Crock Pot Curry Mustard Beef Roast
Author: Amy Flory
Prep time: 20 mins
Cook time: 9 hours
Total time: 9 hours 20 mins
Traditional beef pot roast with a delicious curry twist!
  • 4-6 small red or yukon gold potatoes,peeled if desired, and quartered
  • 3 cups baby carrots, or 2 large carrots, peeled and cut into 1 inch chunks
  • 1 medium onion, cut into wedges
  • 1 1⁄2 cups beef stock
  • ½ tsp pepper
  • 3 TBSP Dijon mustard
  • 2 TBSP mild curry powder (use your favorite type of curry)
  • 2 tsp dried thyme
  • 2 tsp dried oregano
  • 1 tsp garlic powder
  • 3 lbs beef eye round
For Gravy
  • 1⁄3 cup water
  • 1⁄4 cup all-purpose flour
  • salt and pepper to taste
  1. Place potatoes and carrots in slow cooker and add beef broth.
  2. Sprinkle with pepper.
  3. In a small bowl, combine mustard, curry powder, oregano, garlic powder, and thyme to make a paste.
  4. Spread mustard mixture all over roast, and place roast on top of vegetables in slow cooker.
  5. Cover and cook on low for 8-10 hours.
  6. When vegetables are cooked and meat is fork tender, remove roast to a platter.
  7. Scoop out vegetables and place around roast on platter. Cover platter with foil to keep warm.
For Gravy
  1. Pour juices from slow cooker through a strainer into a saucepan to remove any chunks.

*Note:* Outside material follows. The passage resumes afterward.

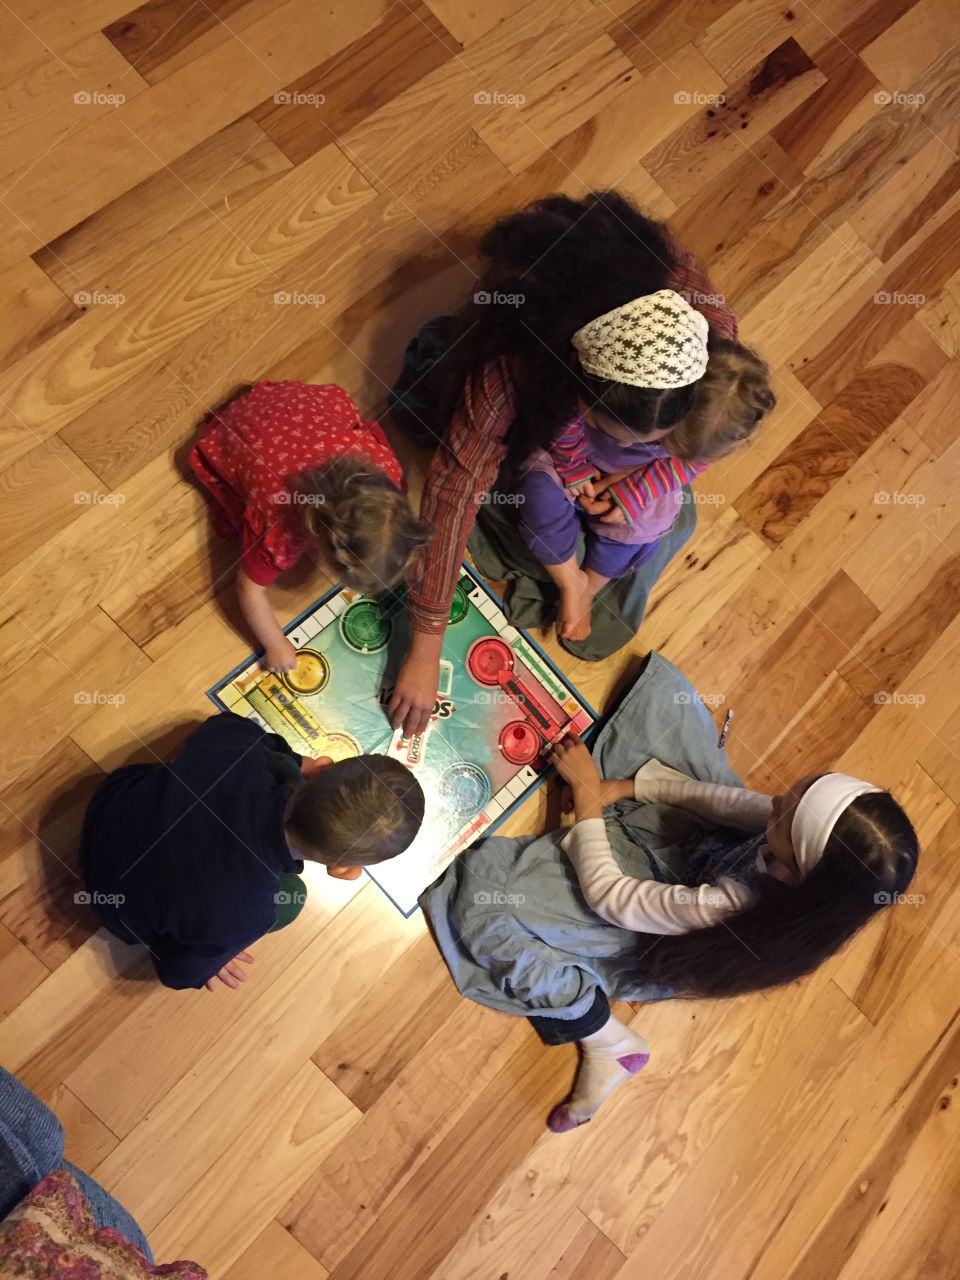 This is a picture taken of some children playing a game on the floor in the house.

  2. In a small bowl, combine water and flour, and whisk until smooth.
  3. Pour flour mixture into saucepan and stir well.
  4. Over medium high heat, bring to a boil, stirring frequently, until desired thickness.

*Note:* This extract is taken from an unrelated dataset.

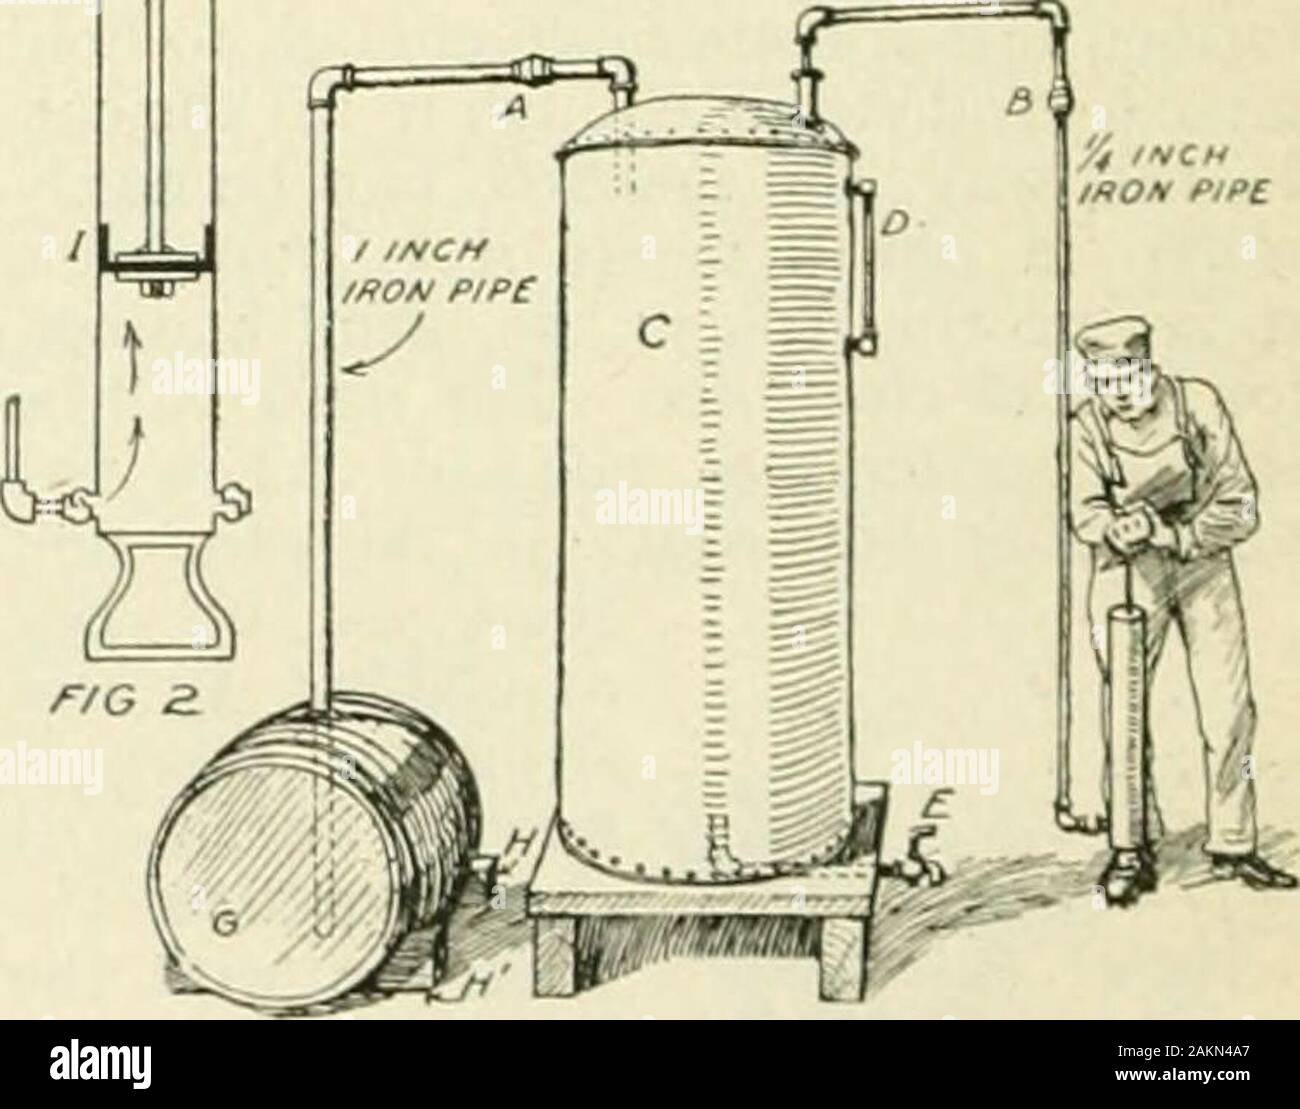 Popular science monthly . ncil, whilethe other end lies flat in a lengthwiseposition. aig=aViElit-ill—I Building an Oil Reservoir ASIMPLL and useful outfit for thestf)rage of oil or other liciuids isshown in the illustration. A one-hun-dred-gallon range-boiler is shown at C;I /4-inch air-pipe is connected to thesimple pump shown and to the top of thetank (the unions A and B are of theground-faced kind so that the pipes canbe disconnected and laid aside when notin use). The oil barrel 6 is rolled intoplace and blocked with pieces H and //,the bung removed and the one-inch pipeconnected as shown Stock Photo

  5. Salt and pepper to taste, and serve over meat and vegetables.
I used honey mustard because that's what we had. With about an hour left, I tried this and couldn't taste the curry as much as I wanted to, so I put about 2 to 3 tbsp of chili with garlic sauce and about 2 tsp of green curry paste. It came out delicious with a hint of spice but so yummy and such a different type of roast. I thought later this would have been great chunked up with ramen noodles and green onion. Yummy!

I was pleasantly surprised with how this turned out. Instead of roast, I used stew meat. Otherwise I followed the recipe almost exactly, adding a just touch more curry and salt. After nearly 10 hours on low, the meat was so tender that it entirely fell apart when I stirred it before serving. Our meal looked like prison food, but the flavor was amazing! I loved the seasoning combo in this recipe and will definitely use it again, with either a roast or stew meat! Yum.

We really enjoyed this very different roast flavor, and the gravy with the mustard/curry flavor combo was amazing. I used tiny, new potatoes, and followed the recipe exactly. I will do this again!! It almost rivaled our Crock Pot Mississippi Roast. (Do I dare say that?)

We all enjoyed this roast, and liked the interesting twist on traditional pot roast. The curry added a nice layer of complexity, and wasn't at all spicy for the kids. My husband would have liked a stronger curry flavor, so if you are like him, you may want to add an extra tablespoon or two of the curry powder.